Oil thieves cost the Nigerian economy more than $1billion in just a month, the country’s officials have revealed.
Oil sales in the African country dropped 17 per cent – around 400,000 barrels of oil equivalent a day – in the first quarter of 2013 as output was disrupted by theft.
Now officials in the country are to stage a conference as they look to stop the twin problems of oil theft and piracy blighting the country’s economy.
“At average January-March prices of $121 per barrel, this theft resulted in a loss of $1.2billion to Nigeria in one month alone,” said Kingsley Kuku, special adviser to Nigerian president Goodluck Jonathan.

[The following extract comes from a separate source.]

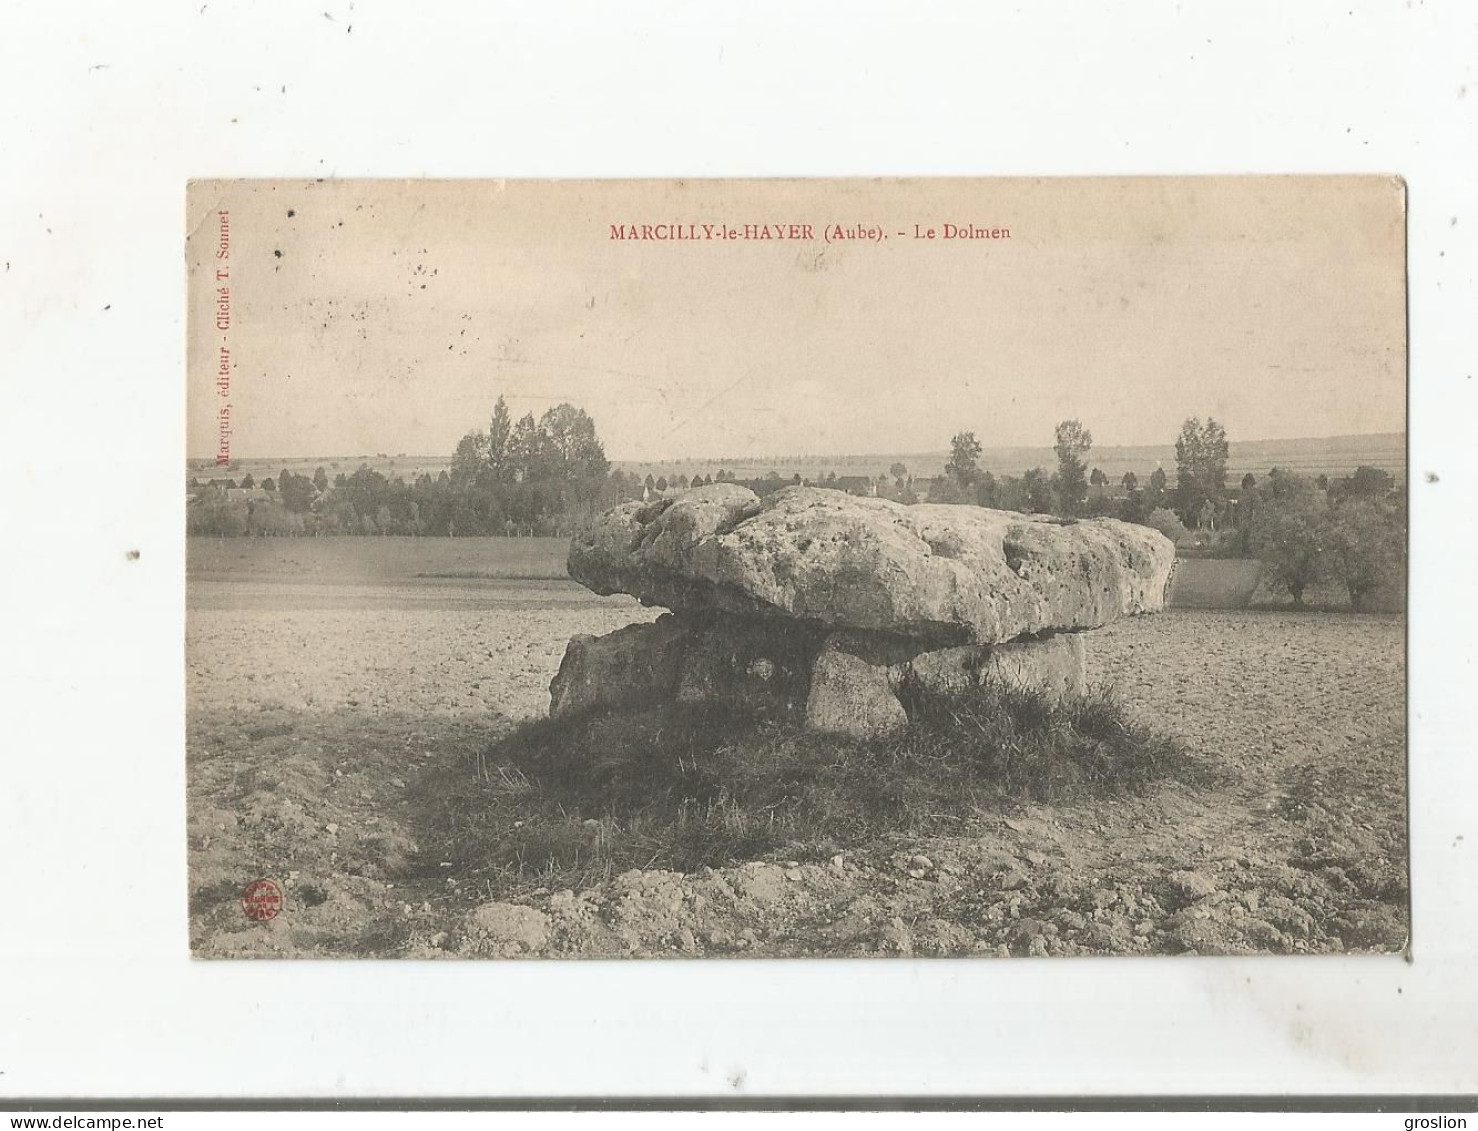 MARCILLY LE HAYER (AUBE) LE DOLMEN 1907 - Marcilly

Oil theft in Nigeria has become an increasing problem, with the International Energy Authority warning that ongoing disruption in the African country was a factor behind the fall in output of OPEC countries in its most recent industry report.
Earlier this month Shell blamed oil thefts in Nigeria for costing it around $700million in lost revenue, with the company forced to close the Trans Niger Pipeline just days after it had been reopened following a spate of thefts.
In June thieves caused an explosion in the pipeline while trying to fit syphons into pipelines in the country.
Mr Kuku said Nigeria was now looking to stage a conference to ‘eradicate these negative incidences that have been haemorrhaging the nation’s oil resources’.